According to the Global Partnership for Sustainable Development Data, analysis of past investments has shown an average return of USD $32 for every dollar invested.

Dr Martin Parr, Director, Data Policy & Practice, Chipo Msengezi, Project Manager – Digital Development, Arun Jadhav, Manager – Digital Development, and Zoe Philpott, CABI Associate, said that better tools and resources can help demystify how to comply with increasing demands to improve data policy and practice.

The learning lunch, held at the foundation’s headquarters in Seattle, USA, built upon increasing shared understanding of the FAIR principles – making data Findable, Accessible, Interoperable, and Reusable – but expanded on them by introducing a framework that makes them much more actionable in the foundation, and helps create a robust and sustainable data ecosystem within the stakeholders that the foundation works with and invests in.
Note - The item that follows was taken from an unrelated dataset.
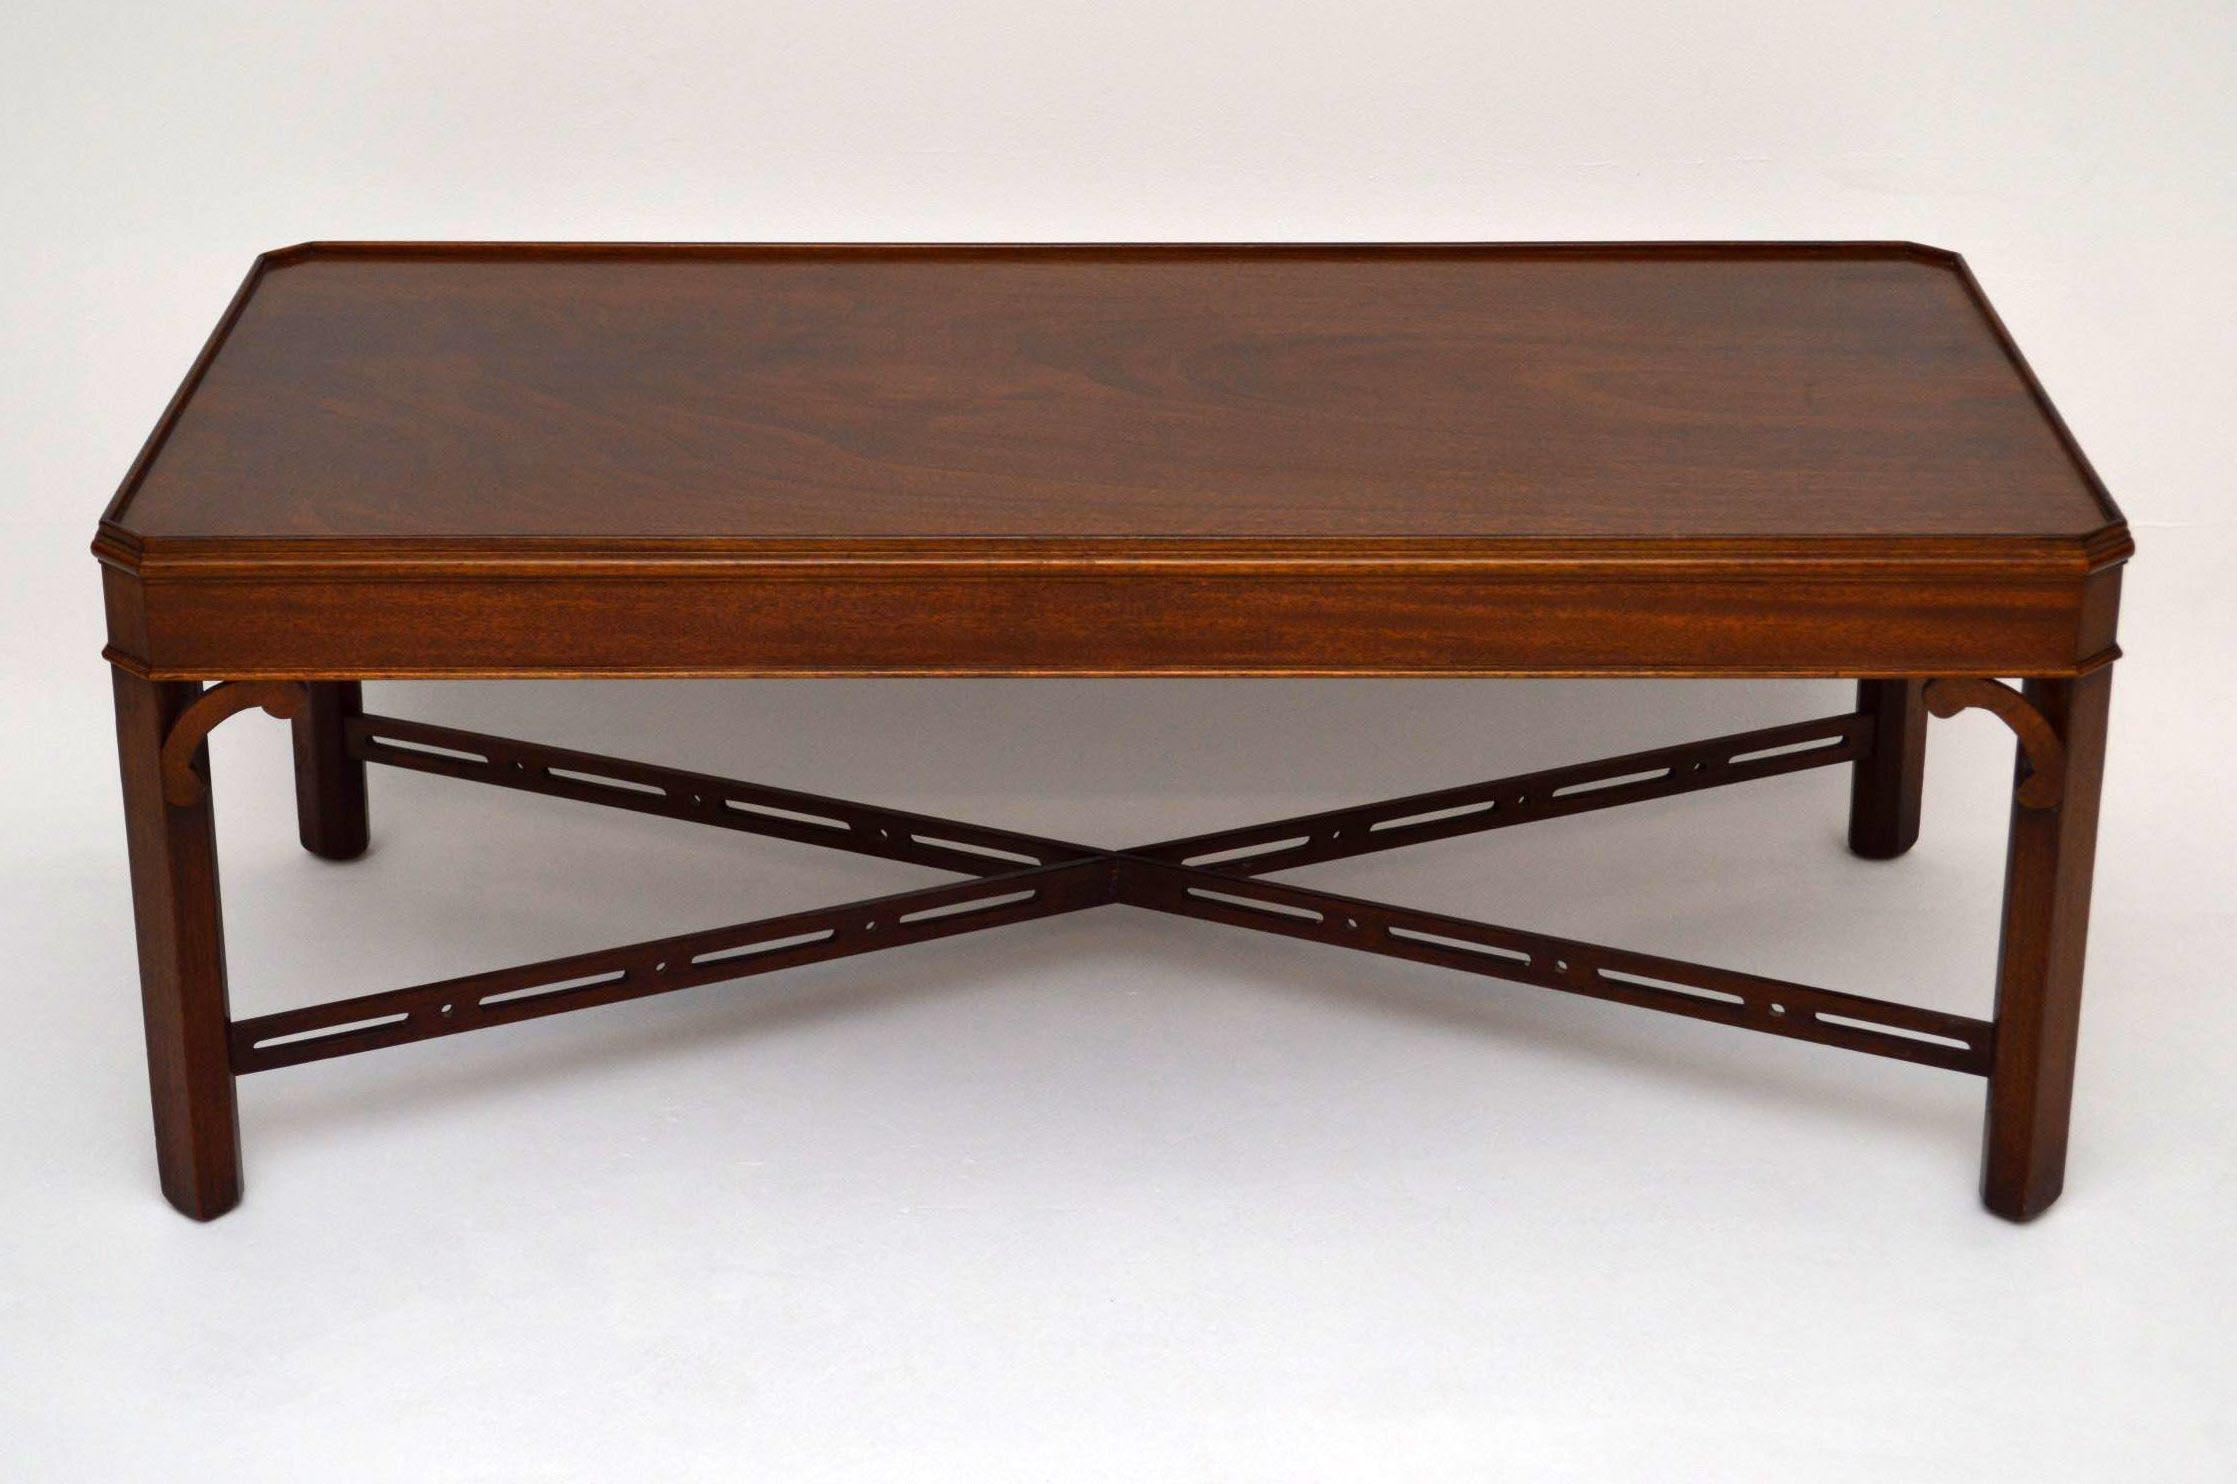 Large Mahogany Coffee Table Coffee Table Design Ideas

It forms part of CABI’s work under the ‘Enabling FAIR data sharing and responsible data use’ project, funded by the foundation, and delivered in partnership with Data-Pop Alliance, ODI, MetaData Works, ITAD, and Philpott Design.

Tool for mainstreaming responsible data sharing

The FAIR process framework, created by CABI, consists of six clear steps. These support defining data intervention types, understanding the enabling environment for any data investment, identifying data assets, codeveloping aligning principles using a common understanding of FAIR, developing FAIR data governance strategy, and developing a FAIR technical implementation plan.
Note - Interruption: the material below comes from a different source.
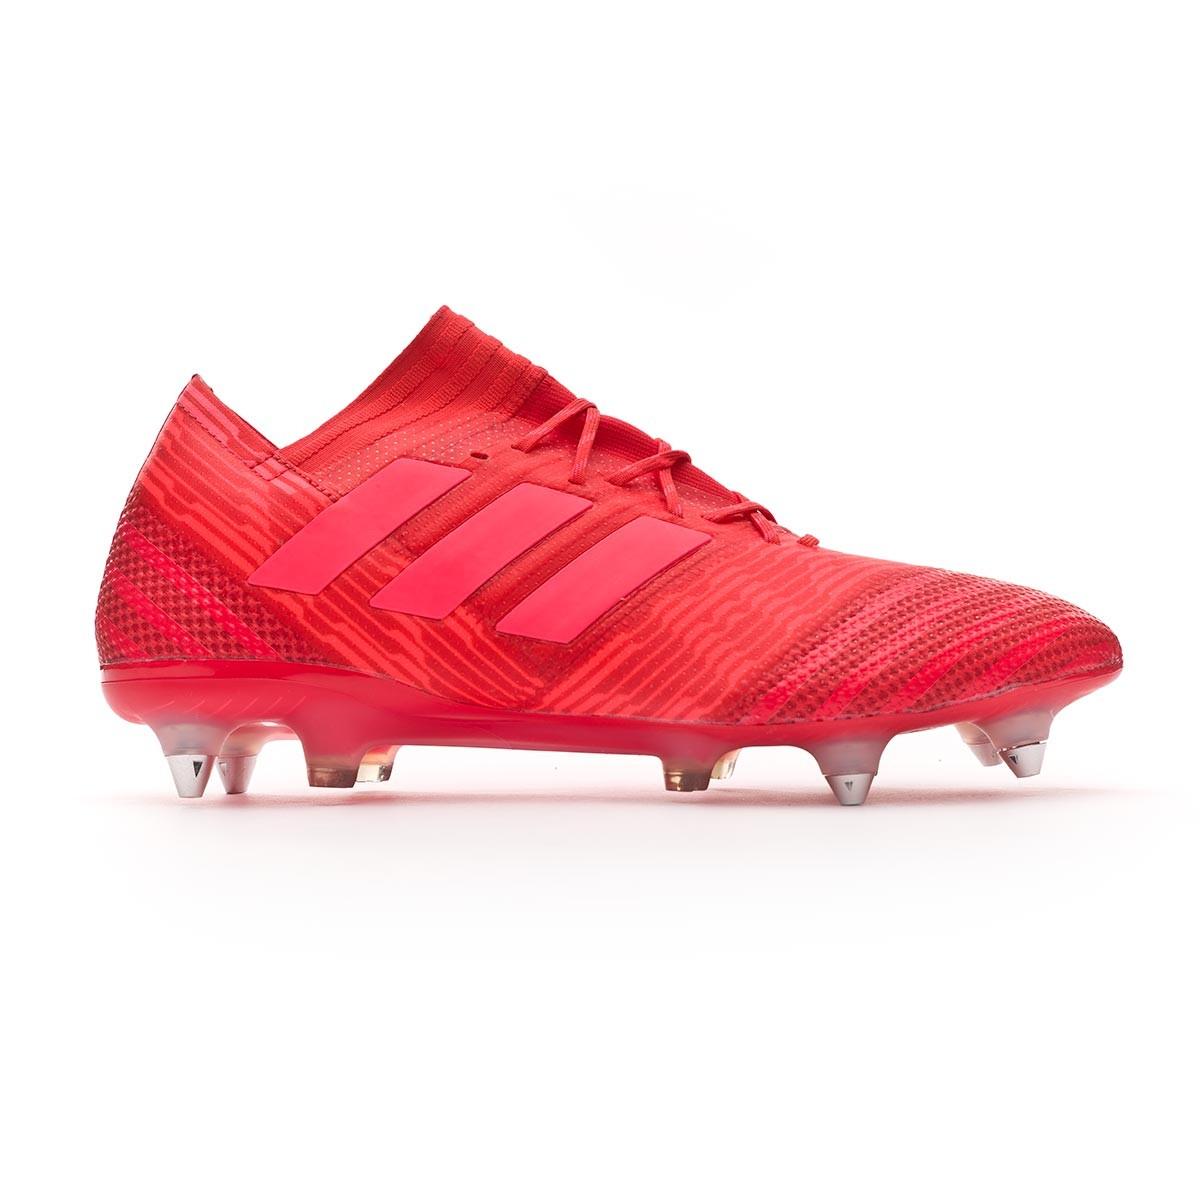 247ad7968 Football Boots adidas Nemeziz 17.1 SG Real coral-Red zest - Tienda de  fútbol Fútbol Emotion

Mr Jadhav said, “The FAIR process framework is a resource made for mainstreaming responsible data sharing and managing practices across investments.
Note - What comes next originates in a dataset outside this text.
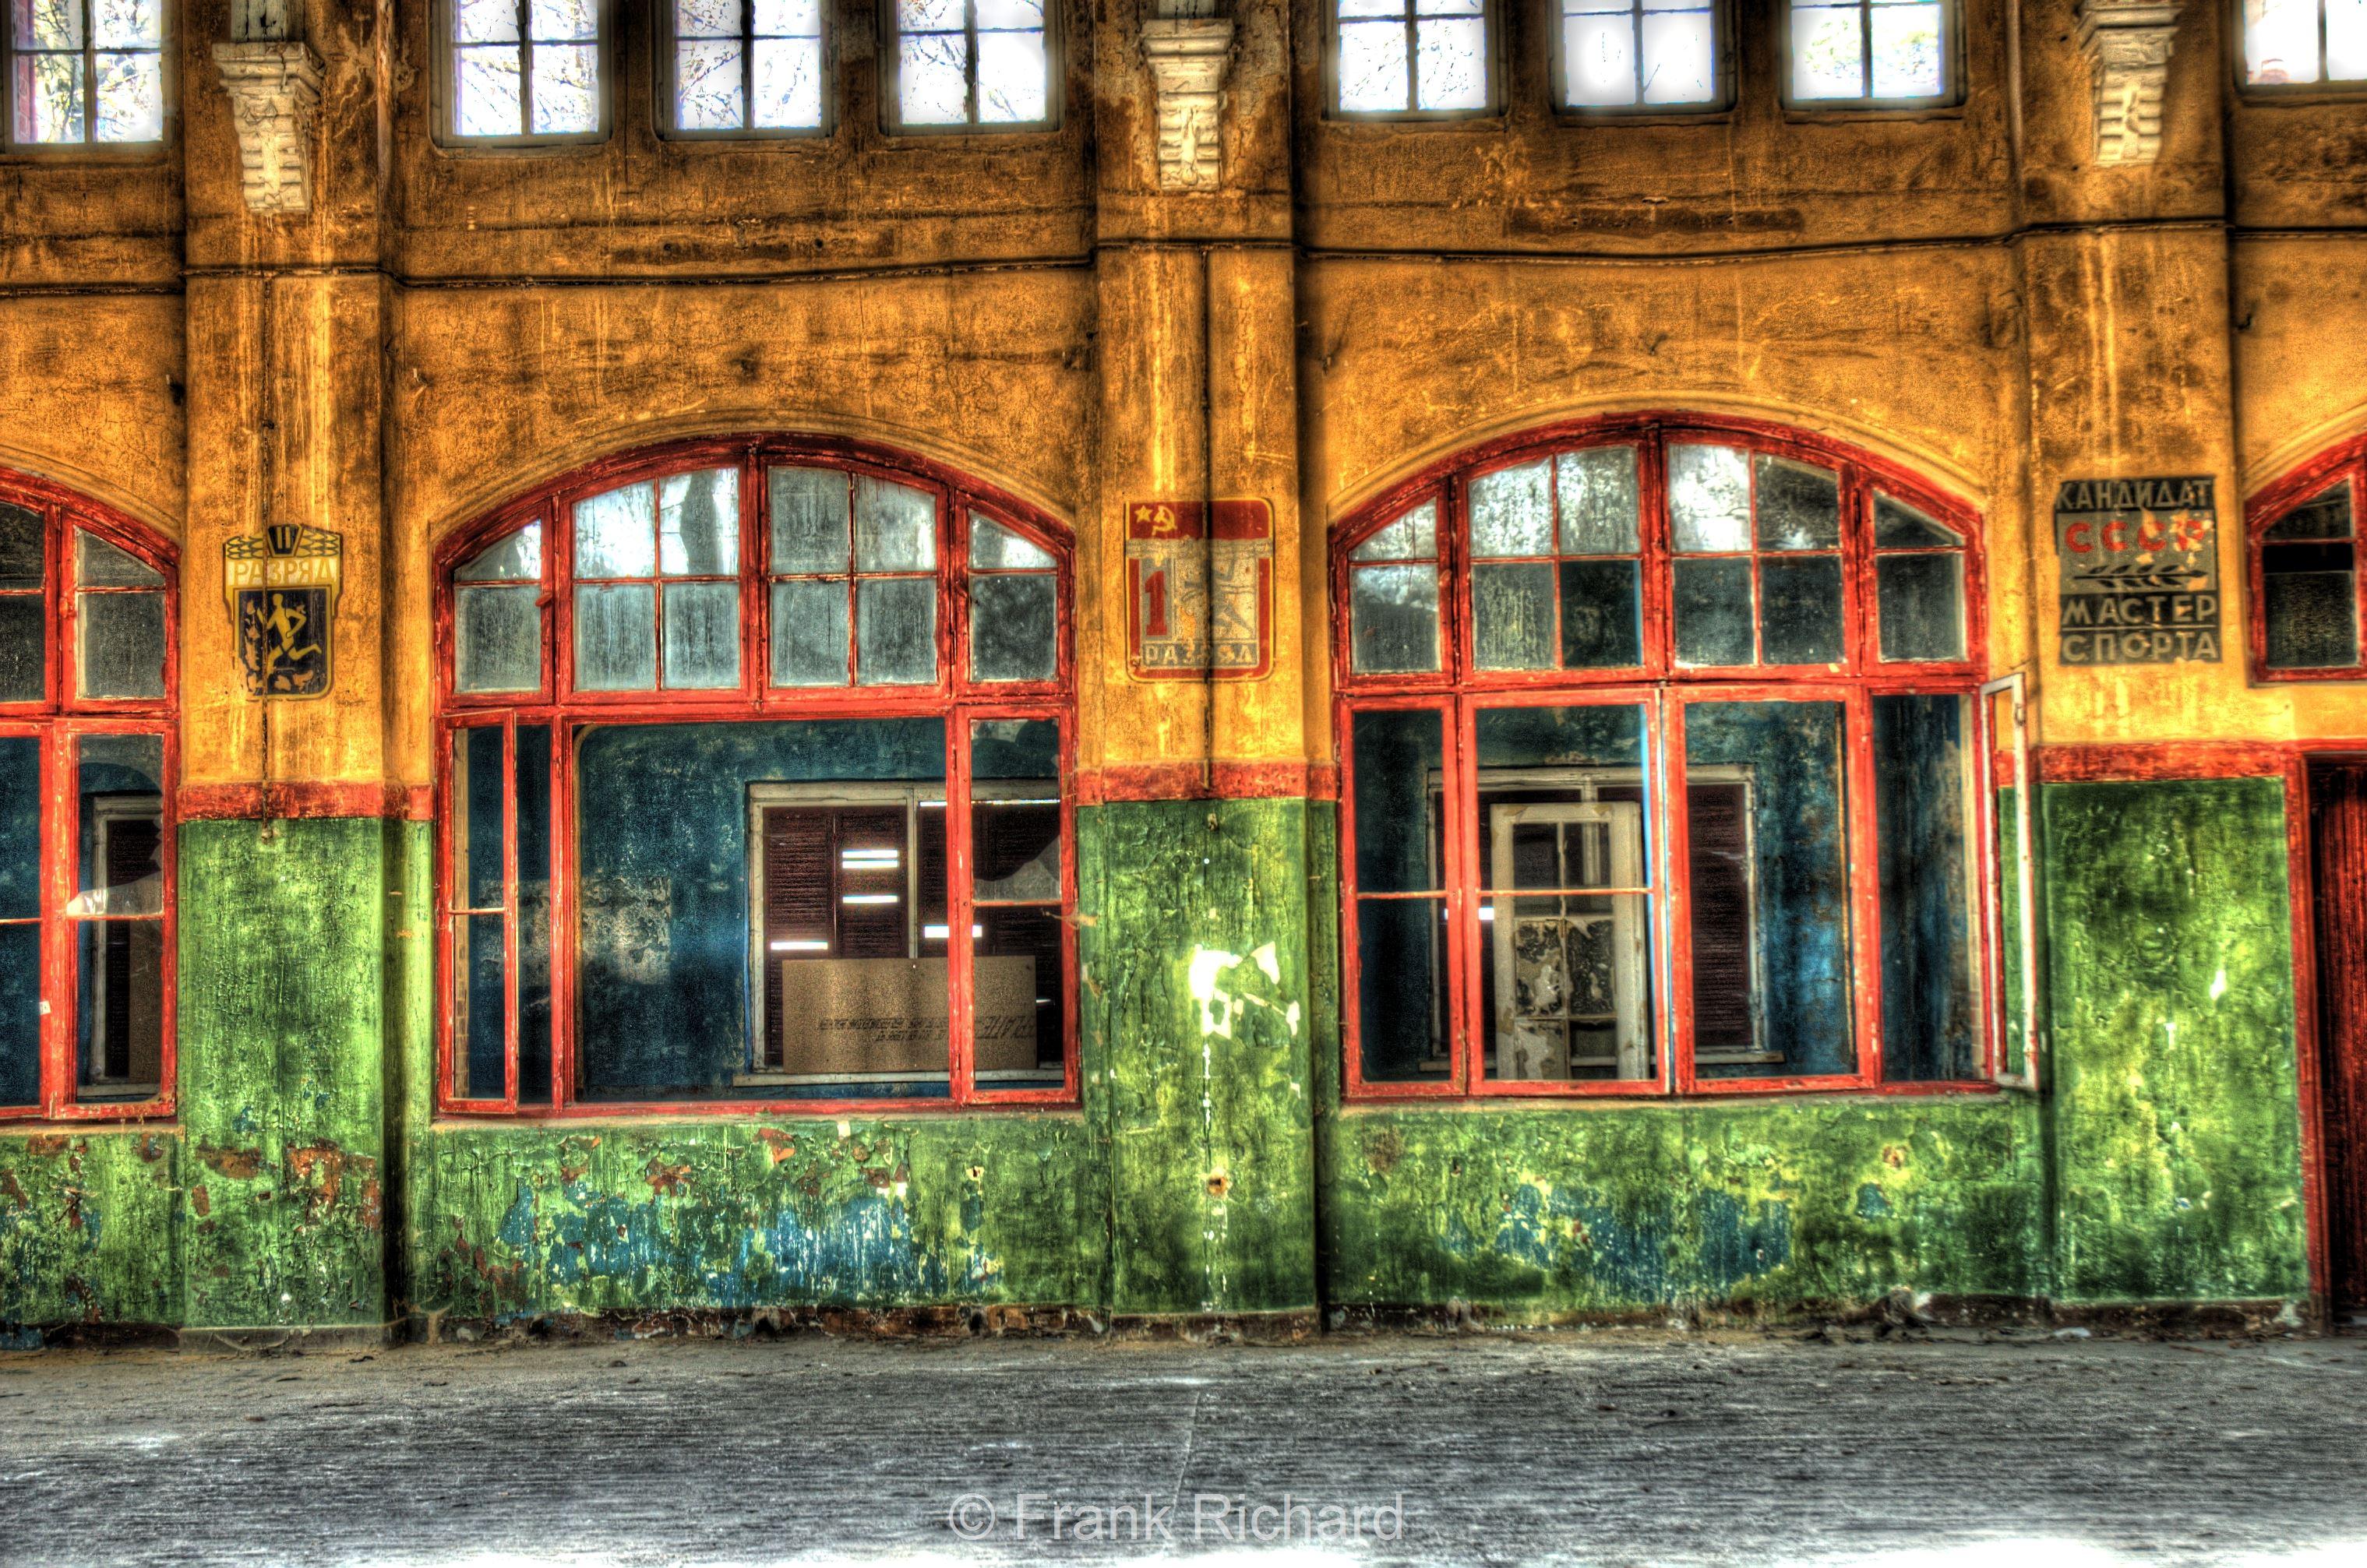 Beelitz 2014 Frank Richard (15)

“It has been developed by CABI over six years of intense working with agricultural development project officers, especially in India, Ethiopia, and Tanzania, and with other donors and grantees in the agricultural ecosystem.

“It has the potential to support lasting impacts beyond the lifecycle of your investments whether they cover data tool development and innovation, transformative field work, or data policy and practice evolution.”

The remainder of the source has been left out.